Implementing With Domain-Driven Design from the Ground Up
The domain describes your business; it is a collection of concepts and logic that drive your enterprise. If you follow this essence of Domain-Driven Design, (DDD), then the domain will be the most important ingredient of the application, Andras Nemes, a Swedish web developer on the .NET platform, explains in the first in a series of ten blog posts on building a web service on the .NET platform, based on Domain-Driven Design principles.
In a technology-driven approach it can easily happen that choices affect the domain. In DDD the direction is reversed, the domain is the most important ingredient of the application and technology will become implementation details where the exact implementation can vary. And that is how it should be, Andras believes, your domain is an independent entity that reacts to business requirements and changes in the domain may affect the technology chosen.
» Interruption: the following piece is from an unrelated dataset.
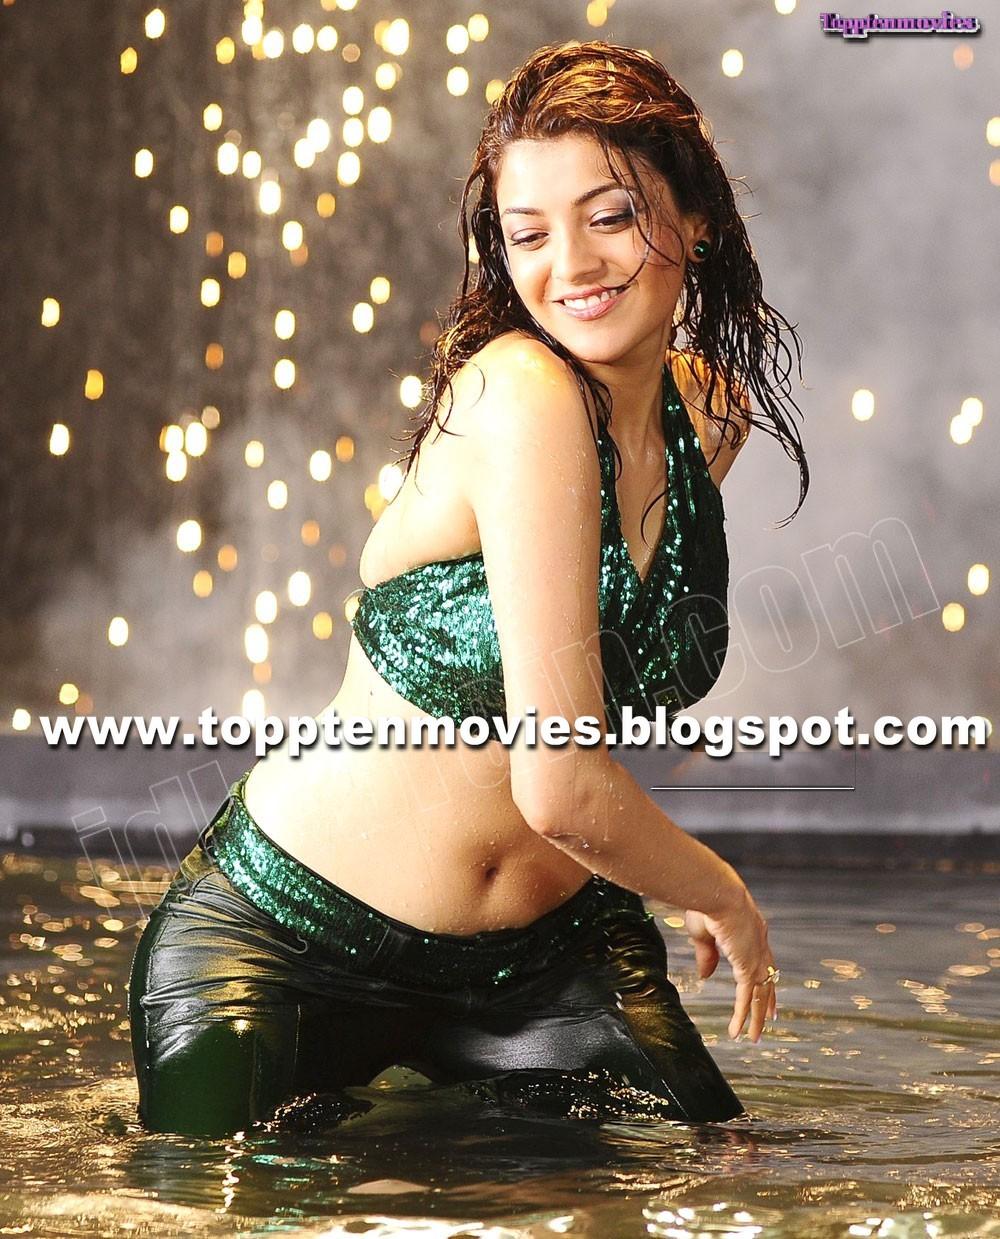 http://2.bp.blogspot.com/_iRqKBCtH6ZM/S_tyYEZojGI/AAAAAAAACHo/bBNDu1G9jYc/s1600/KajalAgarwal-Sexy-Navel-Show+%283%29.jpg

Andras clearly states that his goal is not to cover all details and aspects of DDD, for that he refers to the original DDD book by Eric Evans. Instead he wants to build the skeleton of a .NET solution that takes the most important ideas from DDD and hopefully can become a base for projects based on DDD. His ambition though is that also developers completely new to DDD can benefit, for that he has provided explanations for all key concepts he uses.
His goal is a solution with the following layers:
- Infrastructure: infrastructure services to accommodate cross-cutting concerns.
- Repository: data access and persistence technology layer.
- Domain: the domain layer with business entities and logic, the centre of the application.
- Application services: a thin layer providing actions for the consumers.
- Web: the consumer of the application.
Starting his tour through DDD, Andras explains some of the main tactical concepts in DDD, e.g. entities, value objects and aggregates, together with some guidelines for usage. He then spends the rest of his series of posts creating each of the layers that ultimately constitute the application.
Andras final conclusion is that DDD has helped him reduce the tight coupling often found in more traditional layered solutions, with the domain layer now the centre of the application. He has also managed to hide the most technology-driven layer, the repository implementation, behind an abstraction that can be replaced.